What disease is a willful misbehavior? None. Addictions are
misinterpreted as willful misbehaviors only because we can't conceive
of any behavior not being willful. Because of this misperception
we then force addicts to accept responsibility and punishment
for their addictive behaviors as we do to all people who behave
badly. Victims of what other disease are perceived this way? Leukemics?
Heart attack victims? Cancer victims? Diabetics? Rheumatoid arthritis?
Multiple Sclerosis? Seizure victims? Manic Depressives? Schizophrenics?

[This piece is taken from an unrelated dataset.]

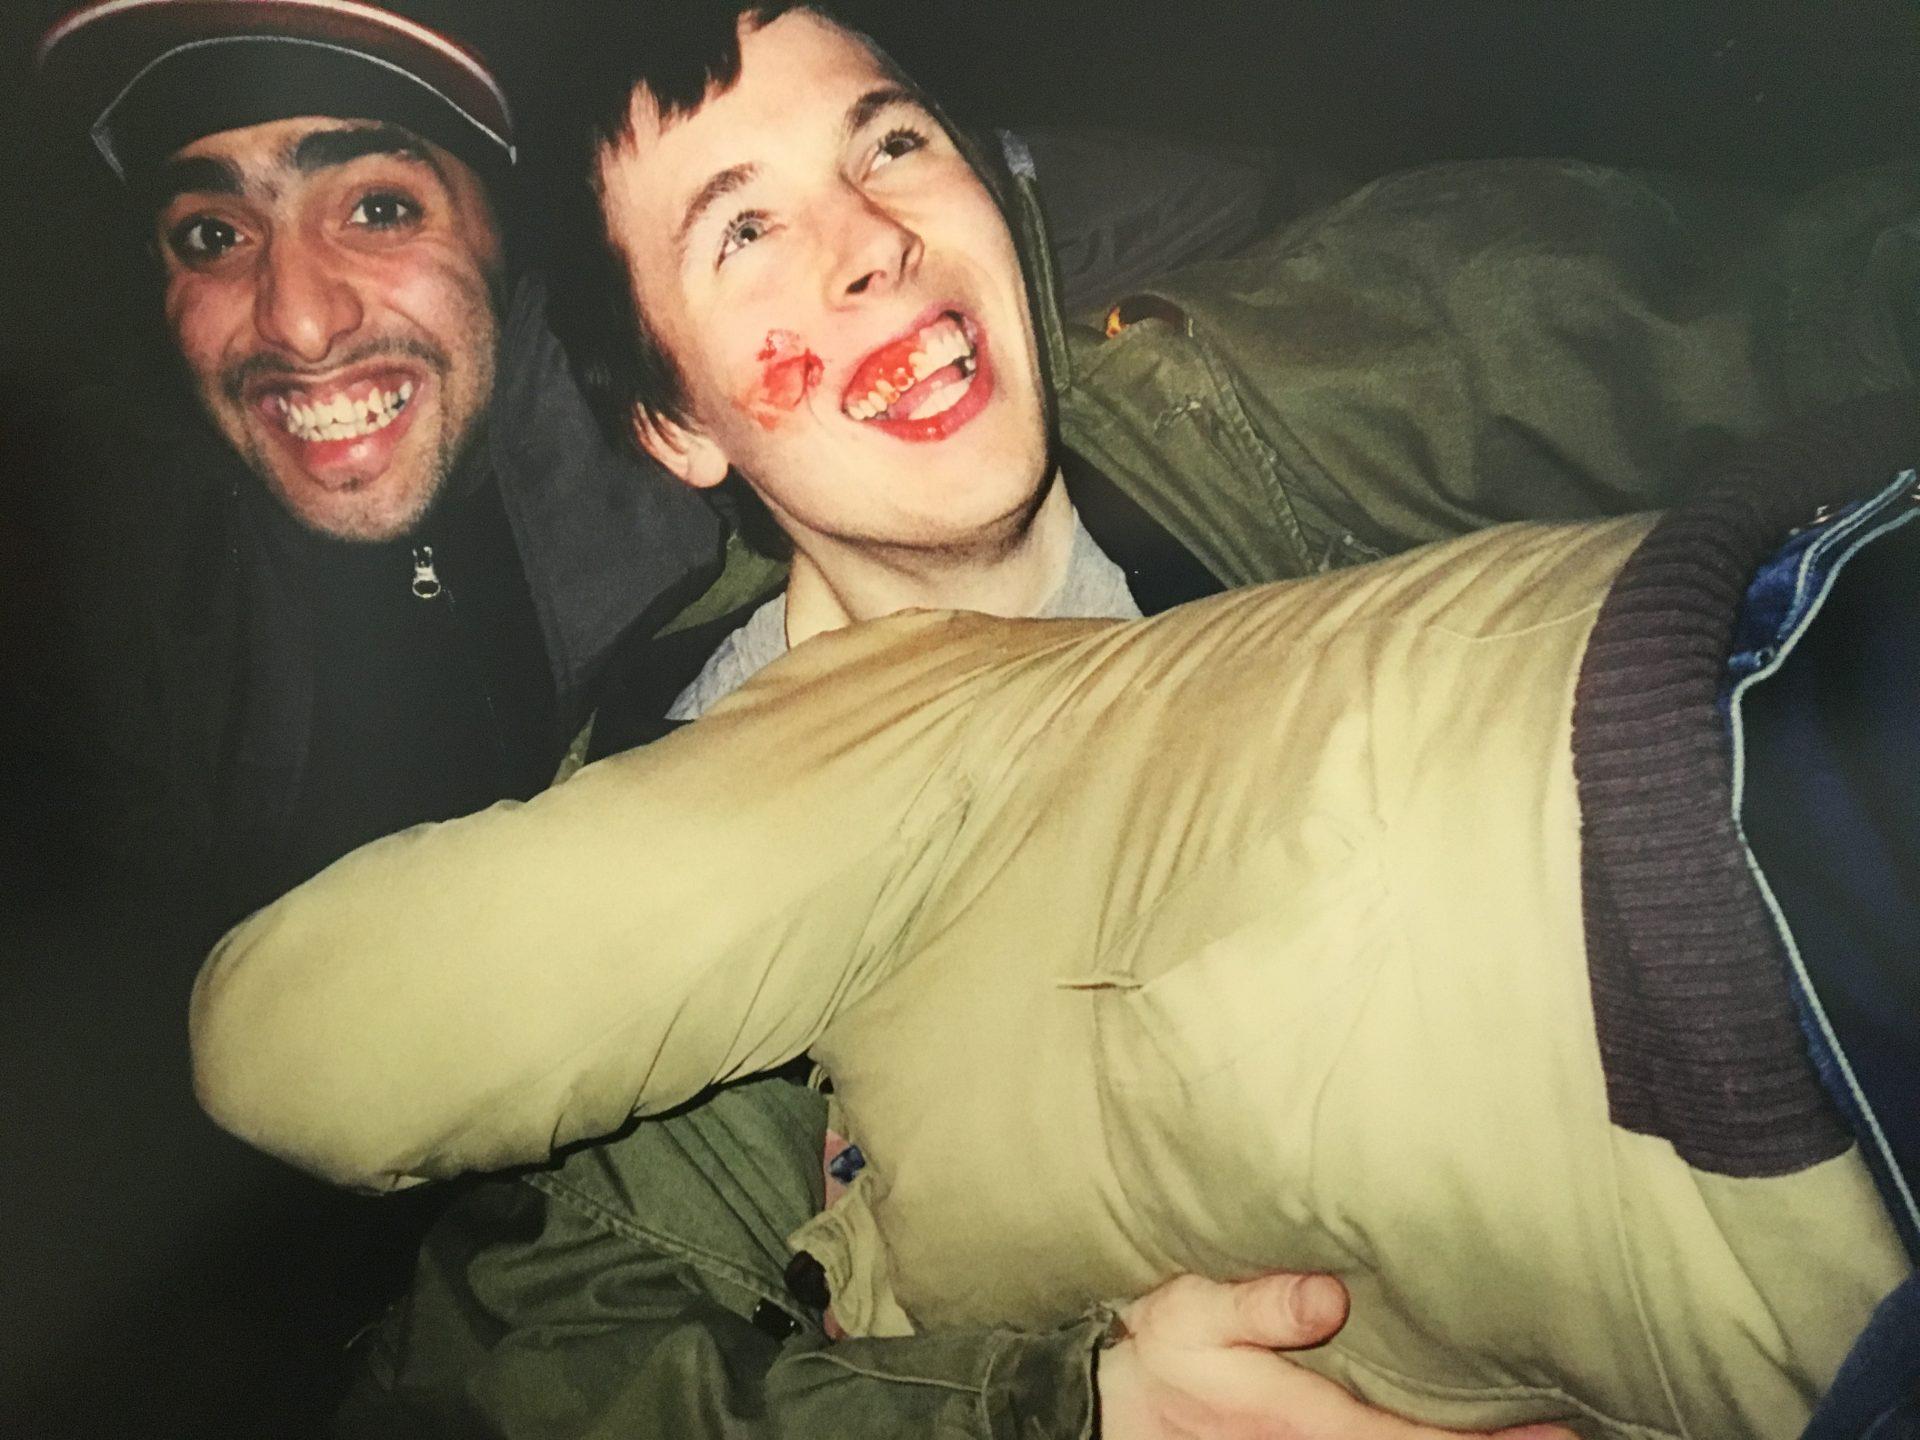 Ryan-McGinley-Sucker-Punch

Alcoholics? Homosexuality? When was the last time you put one
of these victims in jail for just having their disease or relapsing
after treatment absent interpersonal damage? Or, mandating them
to jail for treatment? Never. Why? Because you understand these
to be real diseases despite many of them causing potential danger
to the patients and to society.
Perception of addictions, despite all the talk about their
being diseases, is still biased by moral and superstitious coloration
much like many other disease once were. Even addicts see themselves
in exactly this way because their perceptions of themselves are
biased by the same beliefs. Thus, the need for religious based
recovery so prevalent today; the need for forgiveness from god
to achieve recovery. What other disease requires forgiveness from
god or man to achieve recovery? None.
Addictions stem from a physiological mechanism that can be
recovered from if they are understood as such, just like all other
symptoms of diseases. That this understanding doesn't exist today
is our fault, not Robert's. Despite all the words that come from
his mouth, and all his promises, he has no idea what is happening
to him. His failure at recovery is not his fault, but ours. We
have been steadfastly insisting that we understand addictions
and their recovery when we don't. Thus, when an addict fails to
recover when and how we tell them to, we punish them. This makes
as much sense as punishing a leukemic who relapses.
The fact is, we don't understand addictions as based upon the
current paradigm. Hypoism, a quantum leap in addiction theory,
however, does understand addictions. Its individual and societal
benefits will only come to pass when we acknowledge this and switch
paradigms. A good beginning would be made in this direction if
you would take the time and make the effort to study Hypoism and
use its science and wisdom into addictions to deal with Mr. Downey.
That's all I ask. Please take the time to learn about addictions
from a paradigm that makes biological sense and whose implications
will help all of us to find solutions to addictions that will
finally be both effective and obvious despite any residual prejudices
we might have against addicts. Someday even these biases will
disappear as they have with other diseases wrongly misunderstood
from the past.
Sincerely Yours,
Dan F. Umanoff, M.D.
Author of Hypoic's Handbook, The Hypoism Paradigm of Addictions.
President and founder of The National Association for the Advancement
and Advocacy of Addicts (N4A), a not-for-profit organization offering
free educational and legal services to discriminated against and
abused addicts of all varieties, "substances" and "behavioral,"
and their families. 163 Hendrickson Ave. Rockville Centre, N.Y.